As the alumni talked about the challenges they are facing now it became clear that coping with families under stress from the gradual lockdown of our community is harder than they expected, particularly where the student has the role of responsible adult in the family. Skyline students' reality is that financial hurdles are most often coupled with social challenges and these young people who have not yet fully matured themselves have often been thrust into the role of leading their family through the uncertainty. In some cases their own needs for security are relegated to being secondary to the needs of others in their families. But it soon became obvious that connecting with others in their Skyline family was an essential part of coping and expressing their support for each other.
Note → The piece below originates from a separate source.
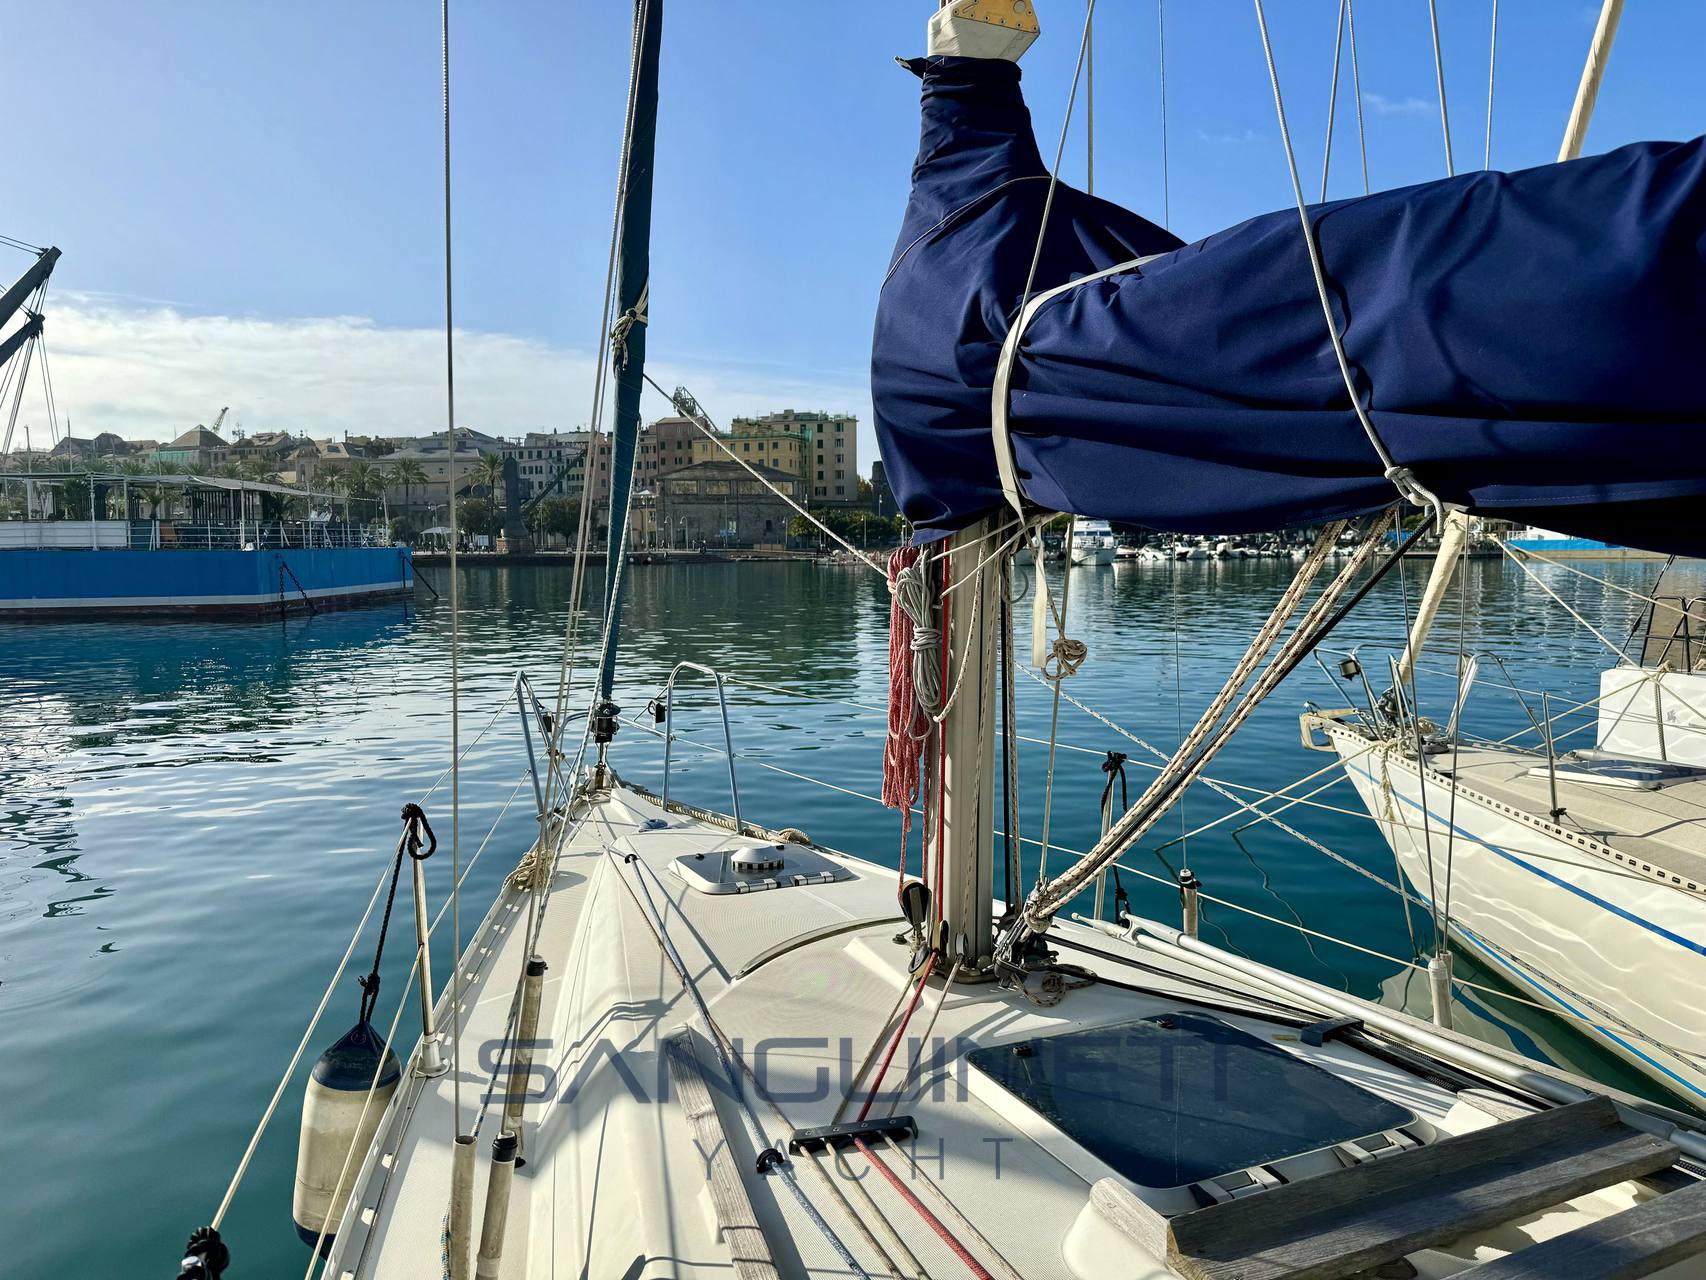 Jeanneau Sun odyssey 32.2 sailing boat

The positive affirmation from others in their cohort who actually knew where they were coming from was more valuable than anything.
In our alumni session, we shared some practical ideas about how to connect and how to cope. My personal strategy through this difficult time is to be consciously positive and optimistic. I'm not alone by any means, but the alternative, to me, to constantly dwell in the negative, is unthinkable. Luckily, I am experienced enough to know that consciously maintaining a positive mindset is a coping strategy that works for me, that I can employ it as the circumstances demand. Positive psychology has so much to offer in the current climate. Optimism is a state of mind and some argue strongly that it can be a choice - for most, not all, of us. I recall my dear friend and colleague Janet Aaker Smith teaching me that primary school students who make themselves smile, especially when they are feeling low, create endorphins that actually make them physically feel better - a self fulfilling joy break, if you like. There is a level of positive psychology that works for our youngest learners through to our eldest. To hear one of our alumni relate her (mind blowing) issues since she lost her job and thus the money needed to support her whole family overnight, was devastating. But her positivity and "can do" attitude as she put a plan in place to get through this disastrous dilemma was was a caring example for all of us on the call. I must say that even "showing up" on the call was an act of courage, under the circumstances. She inspired every one of us, including those of us who would approach their life dilemma in a different way. She has a long road to travel yet but she is on the path.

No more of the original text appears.